-
Notifications
You must be signed in to change notification settings - Fork 15
Edit Data Table Then Load
Show how a Cytoscape table can be loaded from a data file that needs editing before loading.
Cytoscape can load table data from a number of file formats, provided that the data file is already formatted for Cytoscape consumption. If this is true, see the Load Data Table From File recipe.

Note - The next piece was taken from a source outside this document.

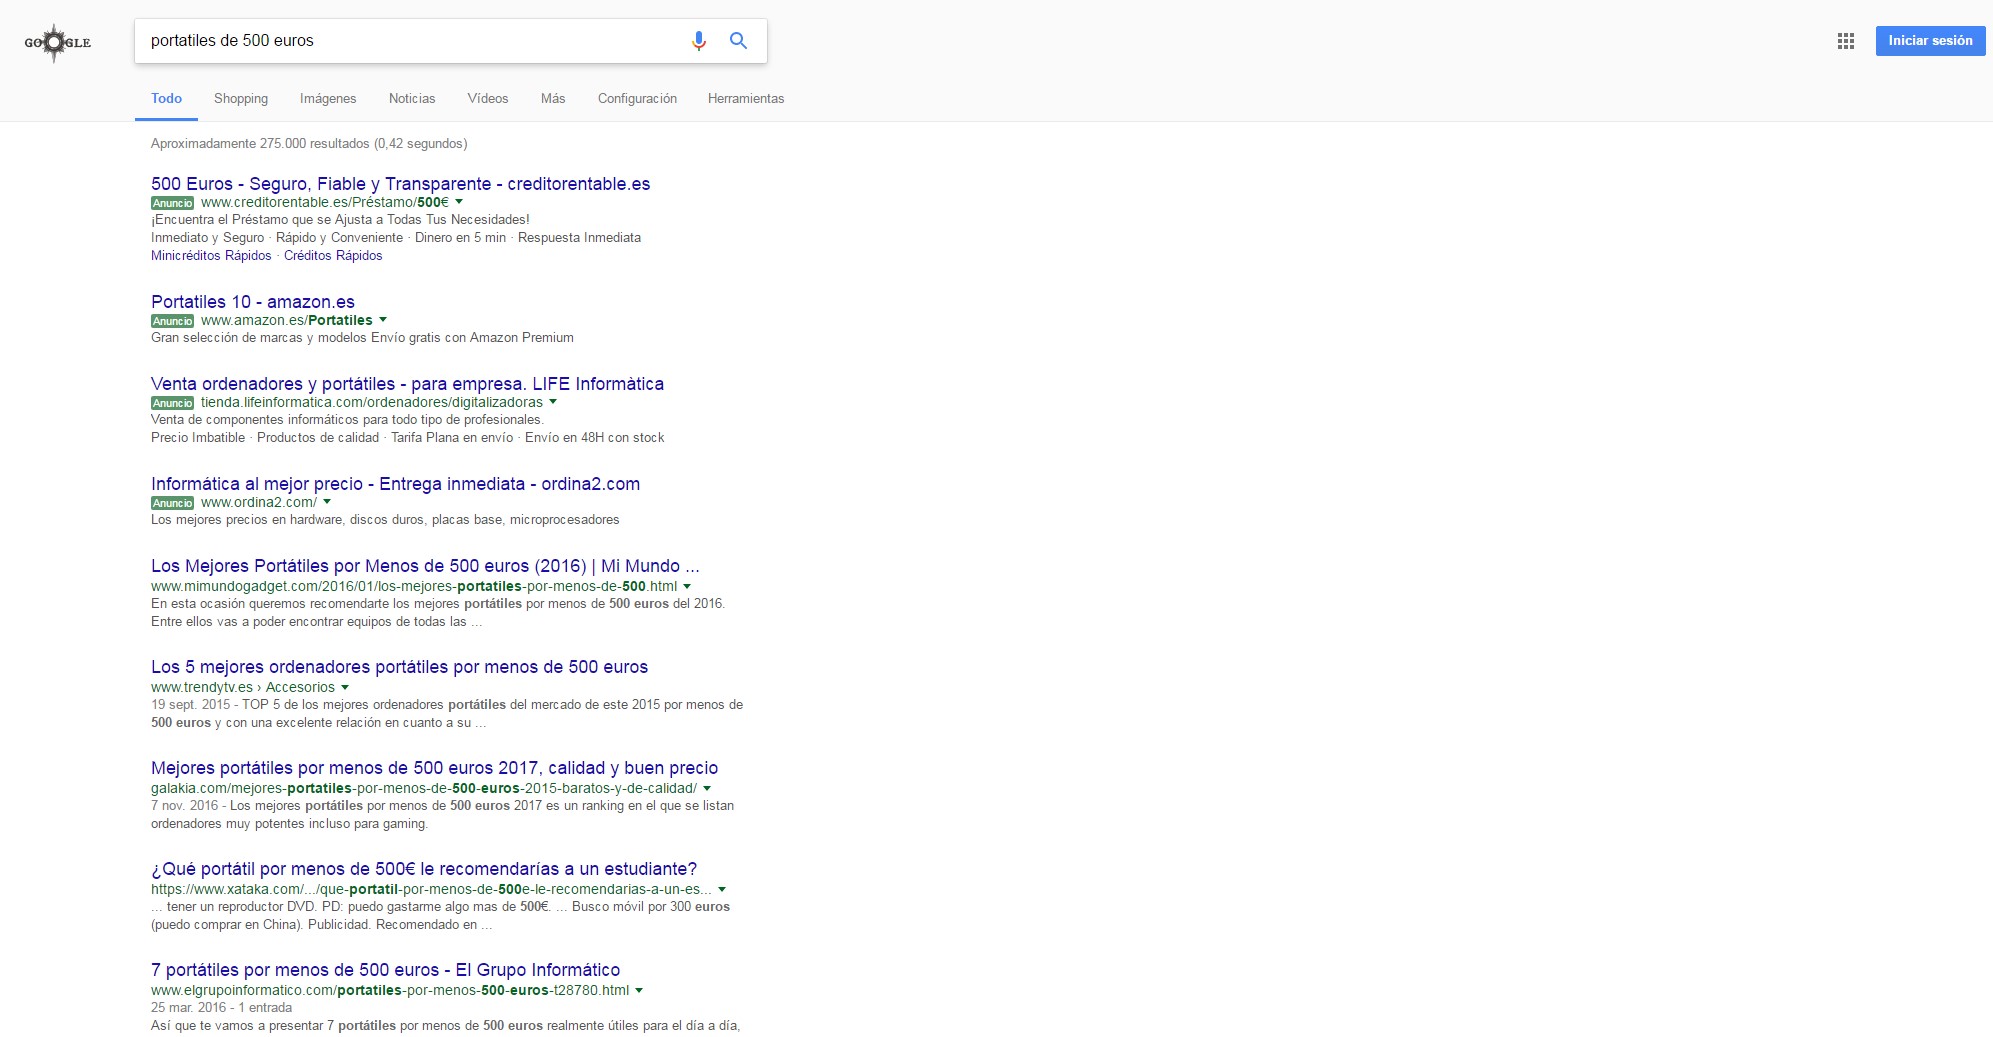 Resultados de búsqueda en Google para “portátiles de 500 euros”

If not, Python can easily make such edits, as described below.
The data table must be in a table-oriented format that Pandas' CSV reader can load directly, and it must have a column whose values can be used as a key into the Cytoscape table (i.e., they correspond to values in the Cytoscape table).
Data tables that don't quite match the standard Cytoscape table formats can be loaded into Cytoscape tables anyway.
Because the data table is first loaded by Python and manipulated in the Python memory space, it must be transferred to Cytoscape via API call. This requires both Python memory and wall-clock time to transfer to Cytoscape. Contrast this to Cytoscape directly loading the table file (see Load Data Table From File), which requires no Python memory or transfer time.
Suppose the data is a tab-separated table in Barabasi/supplementary_tablesS2.txt with the column names as the second line of the file, and data in subsequent lines:
Supporting Information Table 2. Network characteristics of diseases.
Disease ID Name Disorder class Size (s) Degree (k)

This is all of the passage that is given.